You know the drill, oversized pear drops in New York’s Time Square, “Auld Lang Syne” echoes from Bethpage to Bandon Dunes and we promise to reinvent ourselves for the new calendar.
Whatever the perceived shortcoming, Jan. 1 is the tonic, something of a spring training for a hopeful soul, so we open 2012 with a list of New Year’s wants and needs.
Luke Donald. A 2011 almanac and ear muffs. The race is on for No. 1 with Rory McIlroy, Lee Westwood, Martin Kaymer and Tiger Woods all aligned to overtake the Englishman atop the world heap; but all of those scenarios assume Donald will not play like he did in ’11. For those who say Donald doesn’t hit the ball far or straight enough we give you one statistic – five. That’s how many cuts he’s missed in his last 54 worldwide starts.
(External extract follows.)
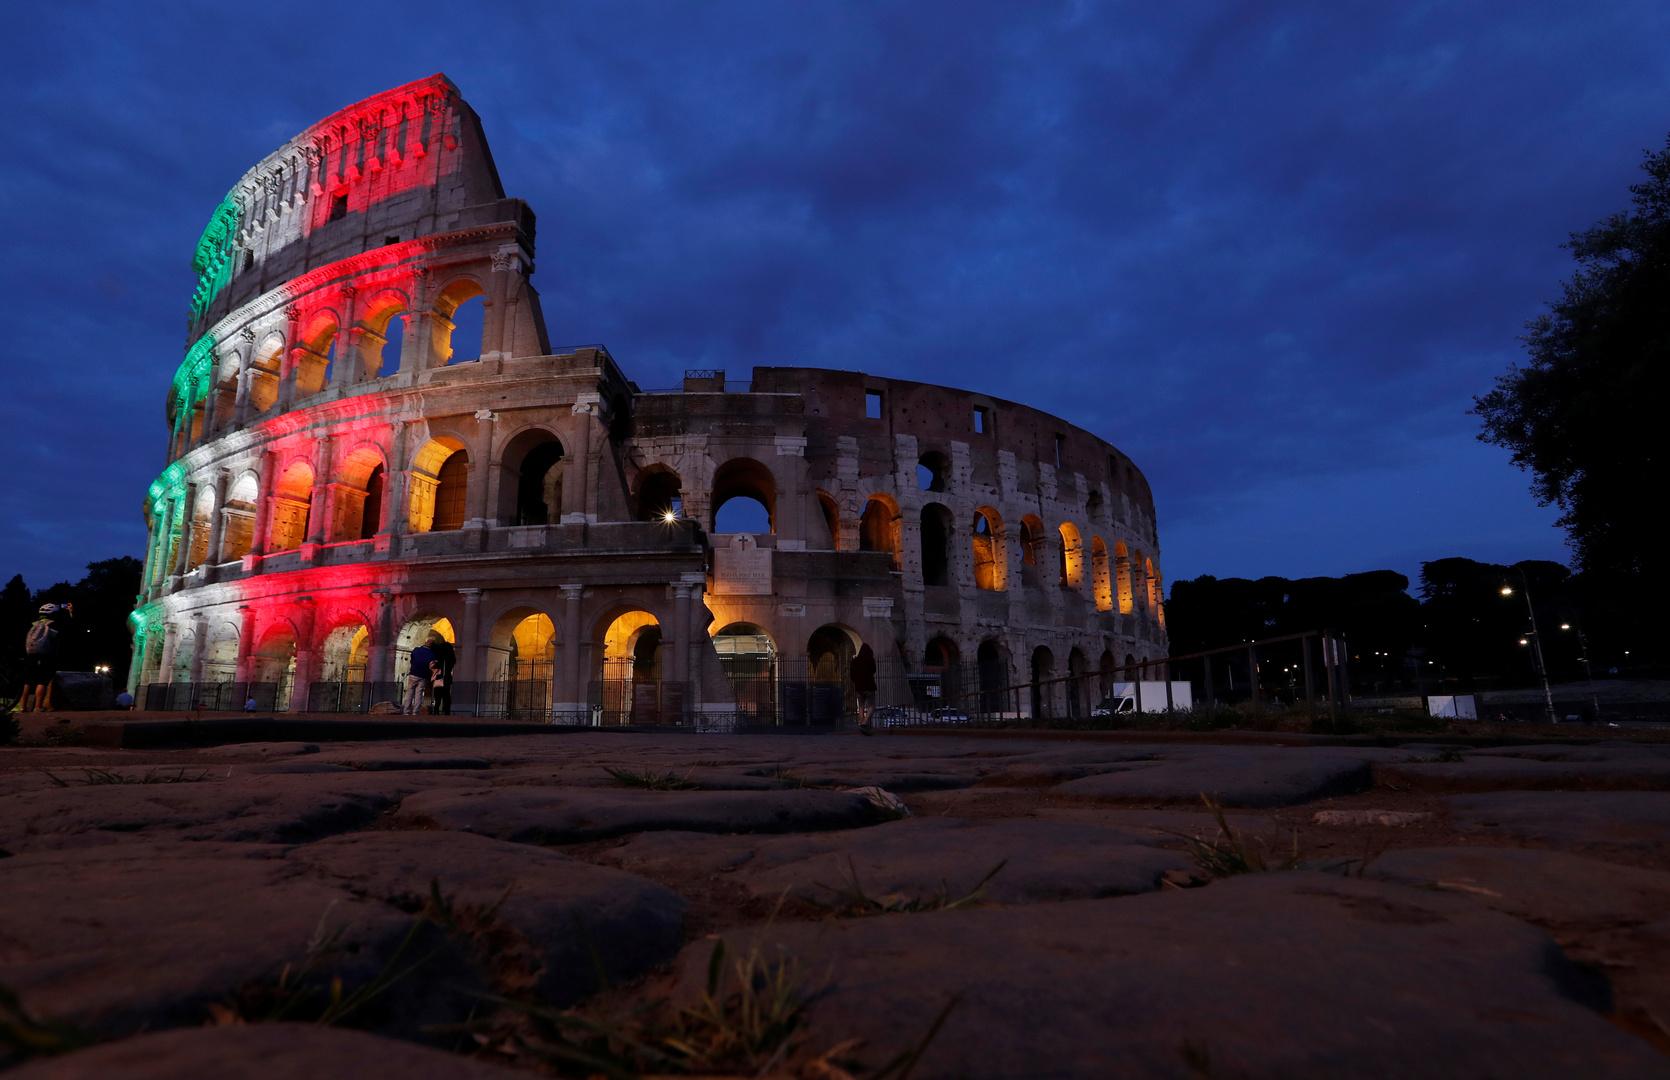 إيطاليا: تحديد المسؤولين عن تهديد رئيسة مجلس الشيوخ

Lexi Thompson. Tempered expectations. The phenom earned her way onto the LPGA and is being billed as the next great American player. Powerful stuff, but it’s not often one can over promise and over deliver, and it’s not in Thompson’s best interest to try.
Mike Davis. Short-term memory and a lawnmower. After the field torched Congressional last year there is a feeling of dread among players that the U.S. Golf Association will strike back in June when the national championship returns to The Olympic Club.
Rory McIlroy. A push fade when he needs it at Augusta National. That rebound victory at the U.S. Open eased the pain of his Masters miscue, but he will be haunted by that Sunday swoon until he slips into the green jacket that got away.
Phil Mickelson. An impromptu, and wildly uncharacteristic, ban of long putters by the USGA and Royal & Ancient Golf Club of St. Andrews. Of all of Lefty’s experiments – no driver at the 2008 U.S. Open, two drivers at Augusta National – his late-season switch to a belly putter never added up. You don’t fix one of golf’s most creative short games with a crutch.
Bud Cauley. Twenty extra pounds. Conservatively listed at 5-foot-7, 150 pounds, the rookie has all the tools to be a Tour staple sans a little more mass.
Andrew “Chubby” Chandler. Some stability to go along with a year’s supply of Dramamine and a few airbags. After the year the European uber manager had – his clients won the first three majors in ’11 but his agency lost two players, Ernie Els and Rory McIlroy, late in the year – a few quiet nights would be nice.
Hunter Mahan. A half stroke a side. The difference between “H,” who ranked 17th in scoring average (69.90), and No. 1 Luke Donald is 1.04. To a Tour type that may sound like an eternity, but if anyone has the raw skills to pull it off it is Mahan.
Kyle Stanley. Improved grooming. One of the game’s most refreshing up-and-comers made it to the third round of the FedEx Cup playoffs as a rookie but cold topped his attempt at a “playoff beard.”
Sandy Lyle. No filter. Next year’s World Golf Hall of Fame induction ceremony may be the closest thing the HOF has to a can’t-miss event with a class that includes Peter Alliss, Phil Mickelson and golf writing legend Dan Jenkins. The always outspoken Lyle, however, may have the most to say in May.
Rees Jones. A Kevlar vest and thicker skin to withstand another barrage of slings and arrows from players. The affable “Open Doctor” was widely criticized for his handiwork at Cog Hill and Congressional last year and unless Mickelson comes down with a severe case of laryngitis at Torrey Pines one should expect the metaphorical beatings to continue until morale improves.
Tiger Woods. An official win of any kind and a 12-month moratorium on MRIs. The one-time Teflon kid has spent more time in the doctor’s office than a hypochondriacal octogenarian the last two years. The mind and swing are willing; the rest is up to the body.
Tim Finchem. The wisdom of Jerry Seinfeld. The commish sidestepped an ailing economy, landed a new TV deal and staved off the demise of Tour stops in Palm Springs, Calif., and Hilton Head Island, S.C. It may be time to leave them wanting more, as the comedian once reasoned.
Stevie Williams. The serenity to accept the things I cannot change; the courage to change the things I can and the wisdom to know when to shuddup.